暴雨像无数根冰冷的针,刺破看守所会见室那扇狭小的铁窗。
阮清坐在金属椅上,手腕被特制的合金铐住,冰冷触感顺着皮肤渗入骨髓。对面坐着陈律师,他西装笔挺,但领带歪斜,额角的汗珠在惨白的灯光下闪烁,像垂死的飞蛾。
“陈律师,”阮清的声音很轻,却像手术刀划过玻璃,“你刚才说,老爷子让你‘清理干净’。”
陈律师猛地抬头,瞳孔剧烈收缩。他下意识环顾四周,确认监控死角后,才压低声音:“你怎么知道?”
“因为你的心跳太快了。”阮清平静地陈述事实,像在念一份审计报告,“还有,你办公室抽屉第二层,藏着一支没墨的万宝龙钢笔。那是老爷子留给你的‘纪念品’,也是你伪造签字笔迹的样本来源。”

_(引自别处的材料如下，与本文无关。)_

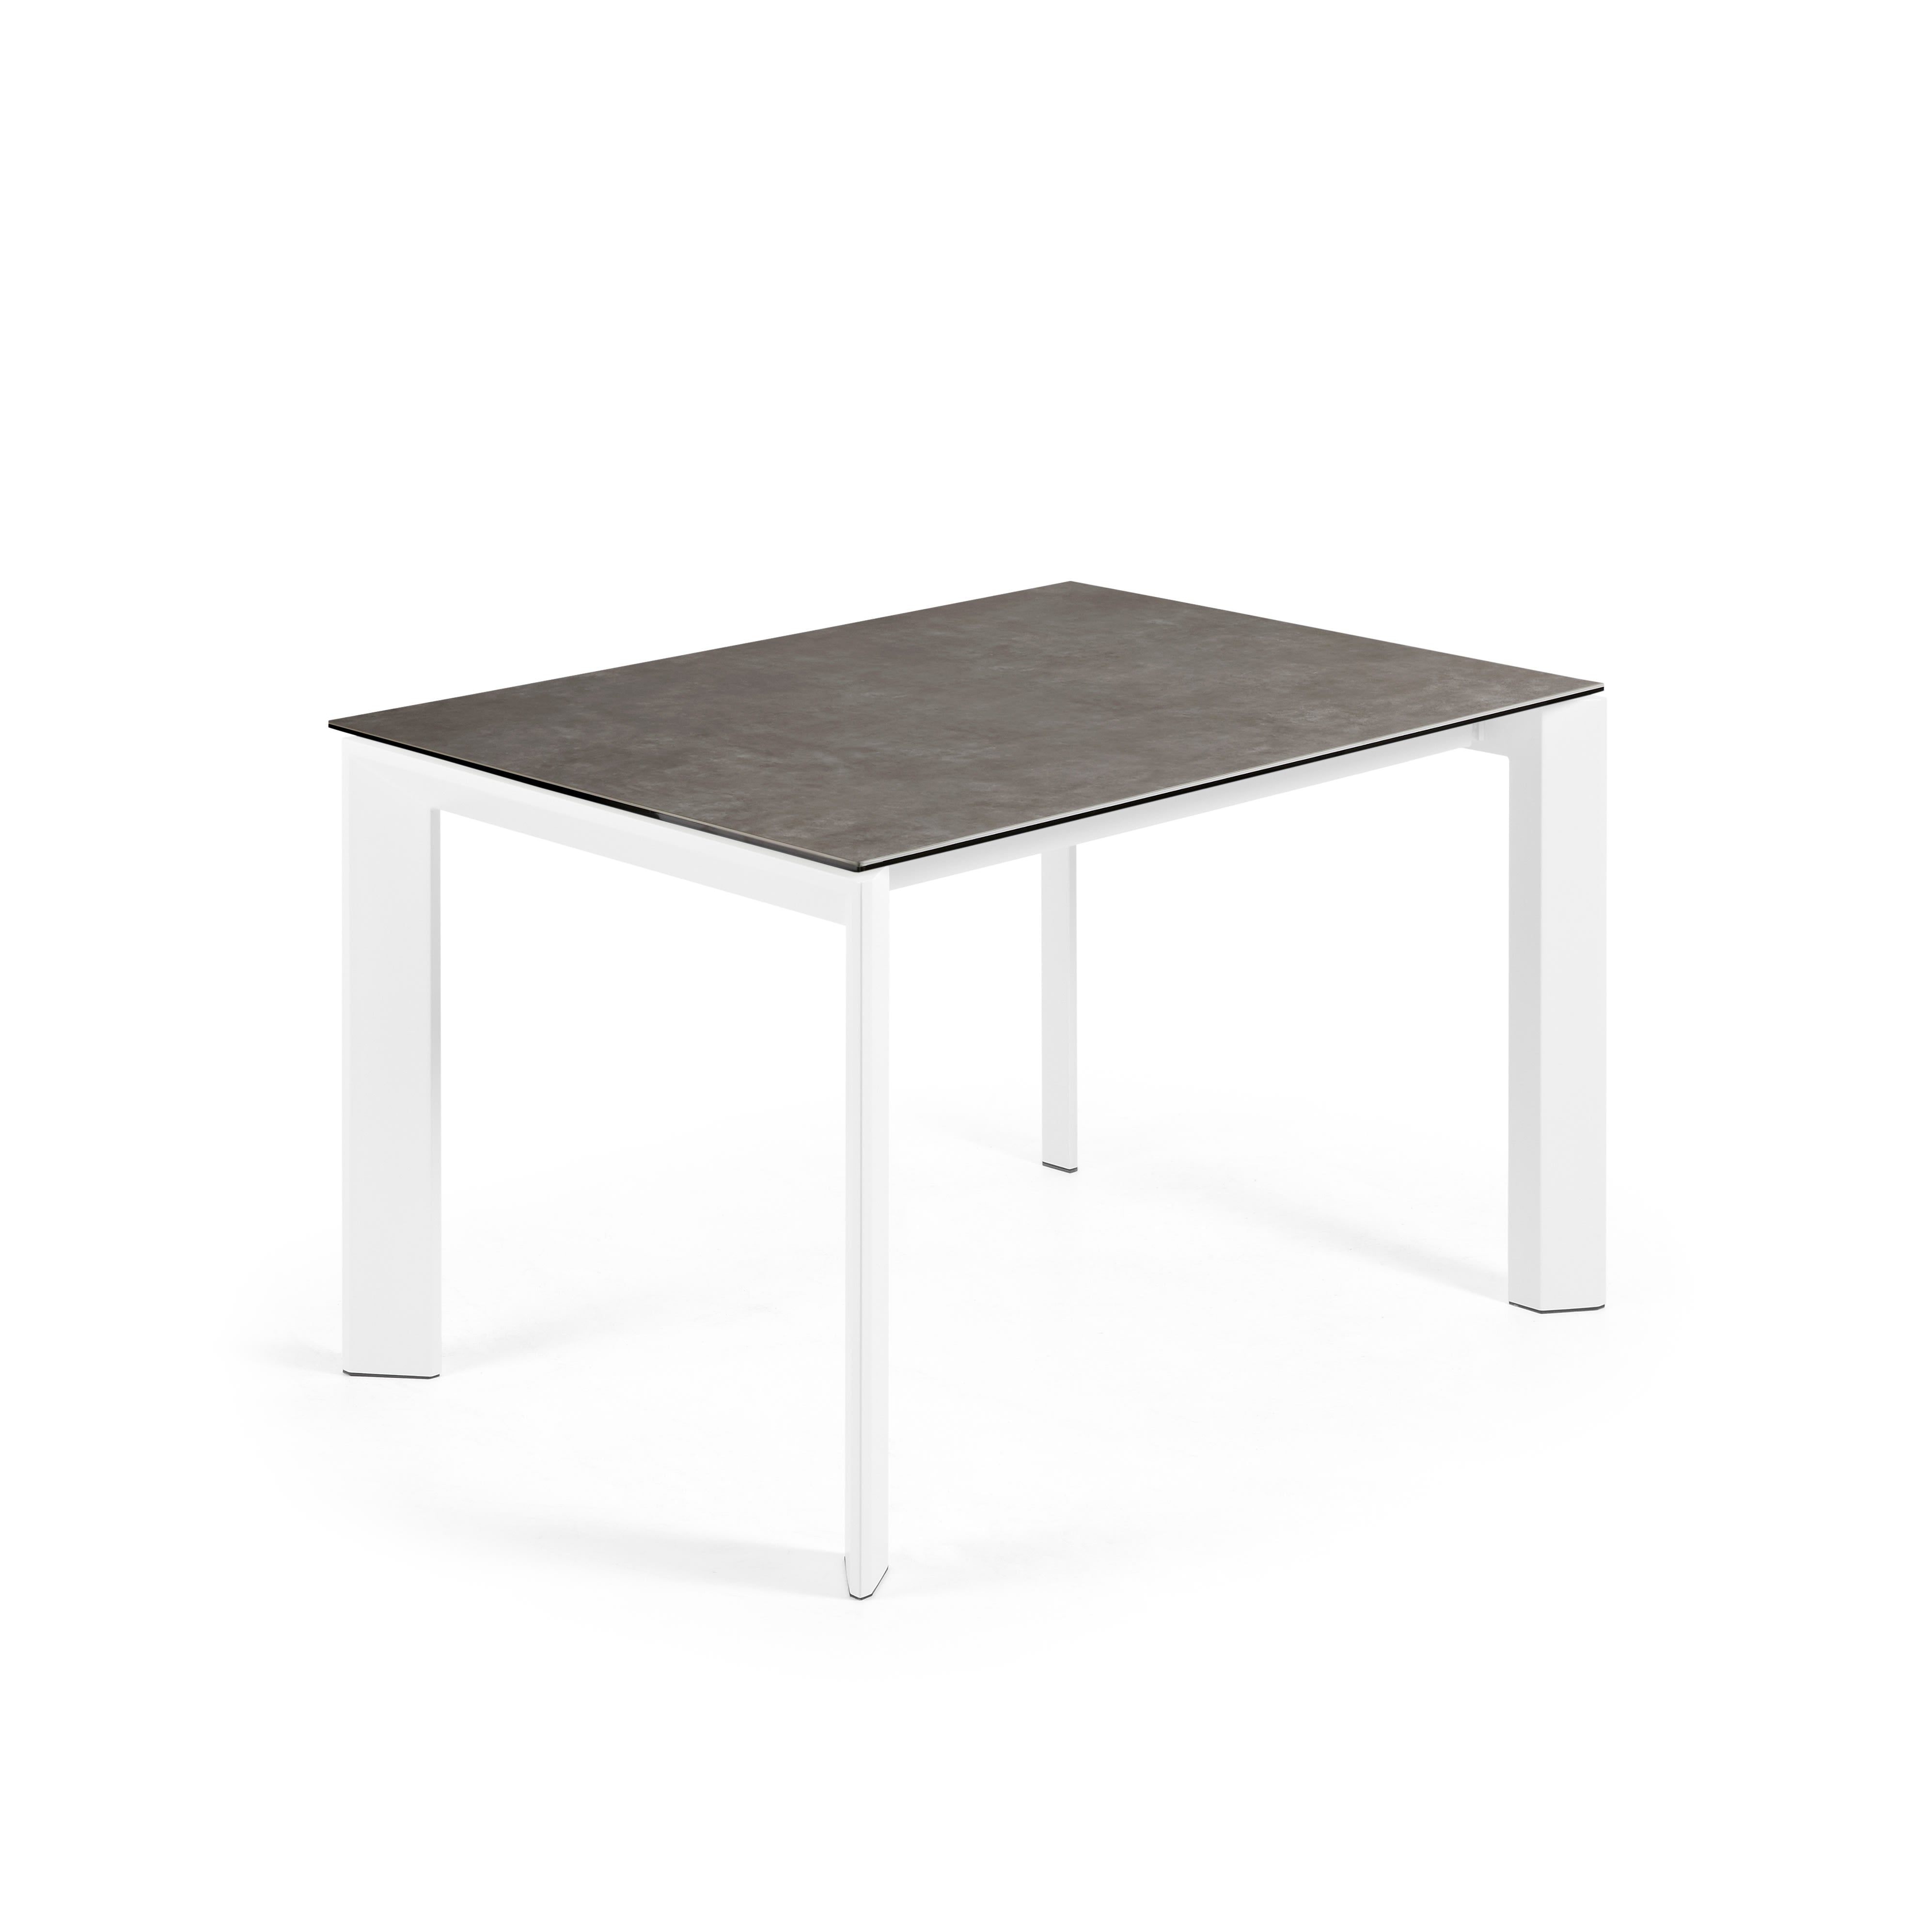 Axis kihúzható kerámia asztal Vulcano Ceniza befejezéssel, fehér acél lábakkal 120 (180) cm

陈律师的脸色瞬间煞白。他张了张嘴,想反驳,却发现喉咙发紧。恐惧像藤蔓一样缠住了他的心脏。
“你想干什么?”陈律师的声音颤抖,“我是白家的法律顾问,我有执业资格保护……”
“你有罪证。”阮打断了他,语速平稳,逻辑严密,“三年前,白廷洲转移那三千万公款时,你是经手人。你帮他做了两套账,一套给董事会看,一套给税务看。现在警方介入,如果你不配合,我手里那份录音——虽然U盘在我肚子里,但我备份了音频文件——会直接寄给检察院。”
陈律师的手指死死抠着椅背,指节泛白。他看着眼前这个曾经被他视为“外行”的前妻,眼中闪过一丝复杂的恨意与更深的恐惧。
“你疯了。”陈律师低声说,“就算我承认,老爷子也不会放过我。他会先杀了我,再杀了你。这是家族规矩。”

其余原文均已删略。